Тесей коротко тявкнул и качнул головой, намекая отвернуться, пока он следует зову собачьей природы.
– Я тебя внимательно слушаю, – сказал Талиесин, явно пропустив намёк.
Тесей тявкнул ещё раз, слегка раздражённо.
– Дорогой мой, пожалуйста, выражайся яснее, – попросил Талиесин. – Хочешь, чтобы я что-то сделал?
Тесей мотнул хвостом в знак согласия.
– Хочешь поиграть? – радостно спросил Талиесин. – Давай поищем тебе какую-нибудь палочку… – он оглянулся.
Тесей, заворчав, бросил попытки договориться, задрал лапу и прыснул на фонарный столб, испытывая невыразимое удовлетворение от разметки территории. Собак здесь было мало, так что его запах стал самым сильным.
– Ах, вот что тебе было нужно! – улыбнулся Талиесин. – Какой ты у меня скромник, малыш. А на дамском факультете ты таким не был.
Тесей смущённо нахмурился и побежал вперёд.
Когда они уже завернули в ворота, Тесей услышал чьи-то шаги в траве. Оглянулся, заинтересованно раскрыл пасть. Валентайн Нокс, сунув руки в карманы, с самым беспечным видом прогуливался под самыми стенами замка, в густой тени.

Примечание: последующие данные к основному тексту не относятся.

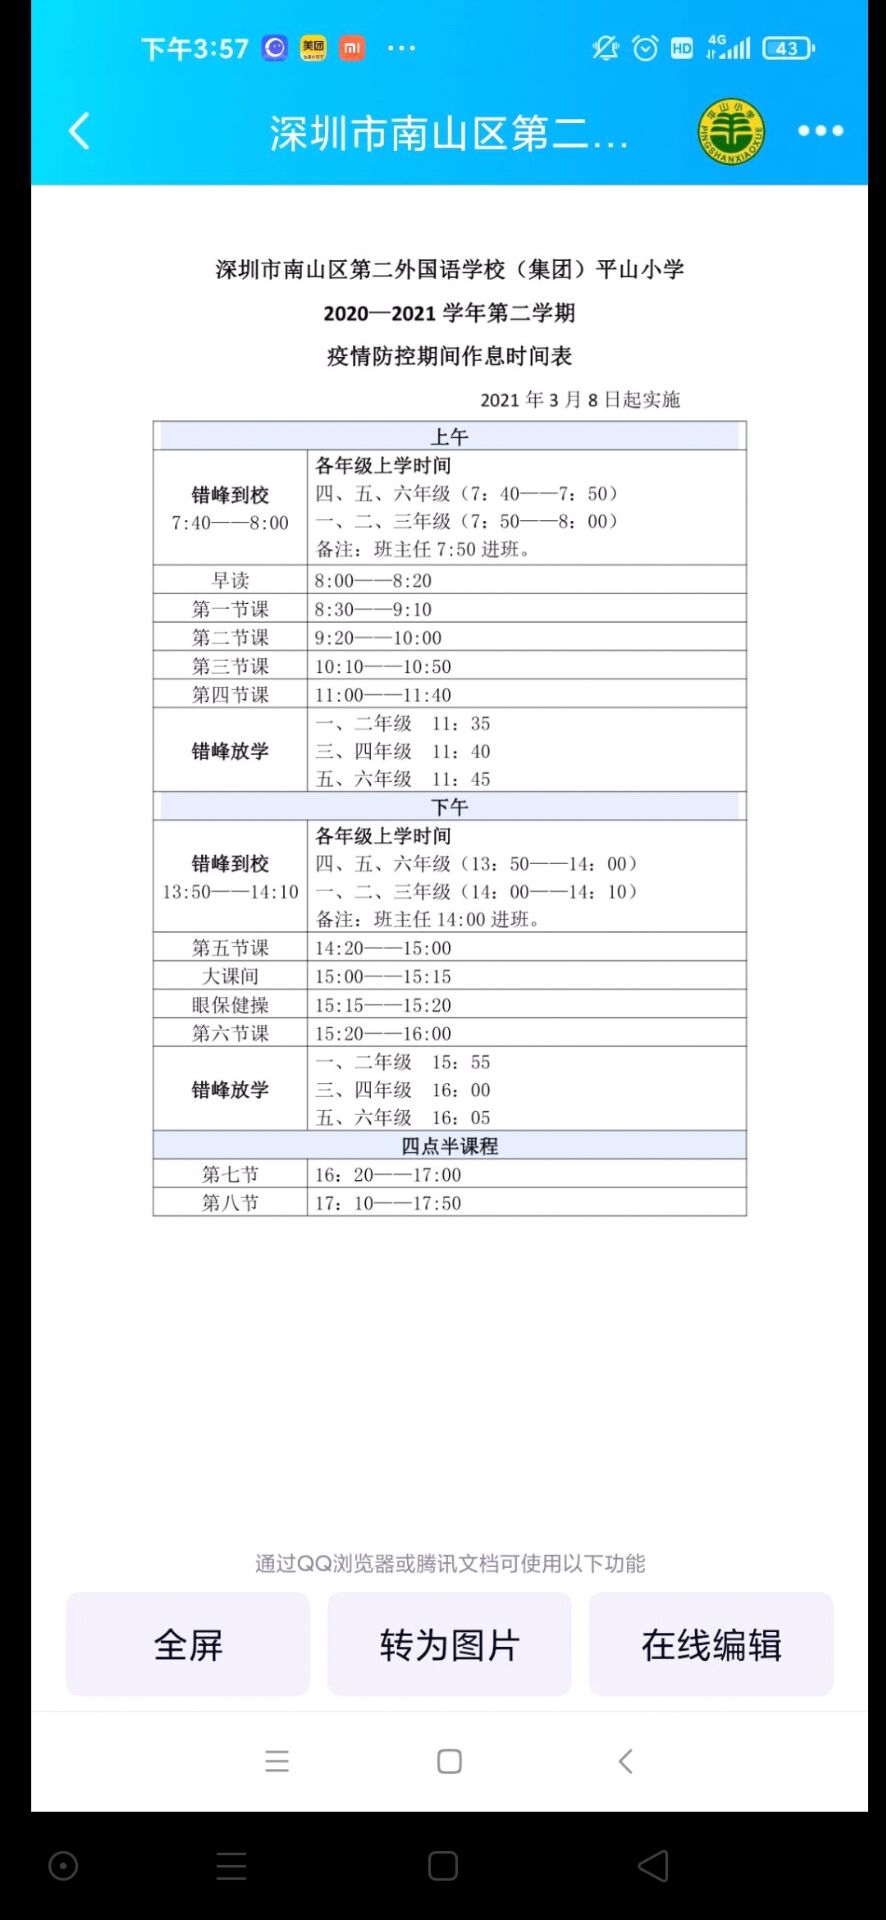 深圳平山小学放学上学时间表1

– Любопытно… – шепнул Талиесин и за ошейник оттащил Тесея назад, чтобы куст бузины скрыл их от Нокса. – Как думаешь, куда направляется наш американский друг?.. Кажется… хм… К женскому факультету?
Они переглянулись.
– Что-то мне не верится, что он уже успел завести интрижку со старшекурсницей, – прошептал Талиесин. – Конечно, я могу ошибаться… Персиваль, например, тоже ценит разницу в возрасте, может, это такая американская традиция…
Тесей боднул его под колено, чтобы тот замолчал.
– Прости, милый мой, но ужин придётся отложить, – шепнул Эйвери. – Согласись, мы ведь должны узнать, куда он собрался?..
Тесей, который в кои-то веки был согласен с Талиесином, ударил его хвостом. Они дождались, пока Валентайн скроется из вида, и Тесей взял след. Прогулявшись в обратном направлении, они предсказуемо упёрлись в дверь девичьего факультета. Талиесин тихонько приоткрыл её, Тесей сунул внутрь нос. Шаги Валентайна были хорошо различимы, и он совершенно точно поднимался по лестнице к этажам, где жили старшекурсницы.
Они прокрались следом, стараясь не цокать по каменным ступеням ни когтями, ни каблуками. Запах Нокса привёл их обратно к факультетской гостиной. Там уже был погашен весь свет, только через узкие окна проникал призрачный свет молодой луны, и в камине дотлевали угли.
– А вот теперь я просто обязан узнать, что здесь происходит, – еле слышно прошептал Эйвери. – Куда он делся?..
След, отчётливый и ясный, привёл Тесея к двери в дамскую комнату. Он уткнулся в неё лбом, принюхался, впервые в жизни готовый поверить, что обоняние подвело его – но нет, ошибки быть не могло. Валентайн Нокс должен был быть за этой дверью.
– Какая собака его сюда привела?.. – шепнул Эйвери. – Что он там инспектирует?.. Ватерклозеты?..
Тесей боднул его головой, мол, не до шуток.
– Подождём, пока выйдет, – предложил Эйвери и кивнул на тяжёлые шторы, обрамлявшие окна.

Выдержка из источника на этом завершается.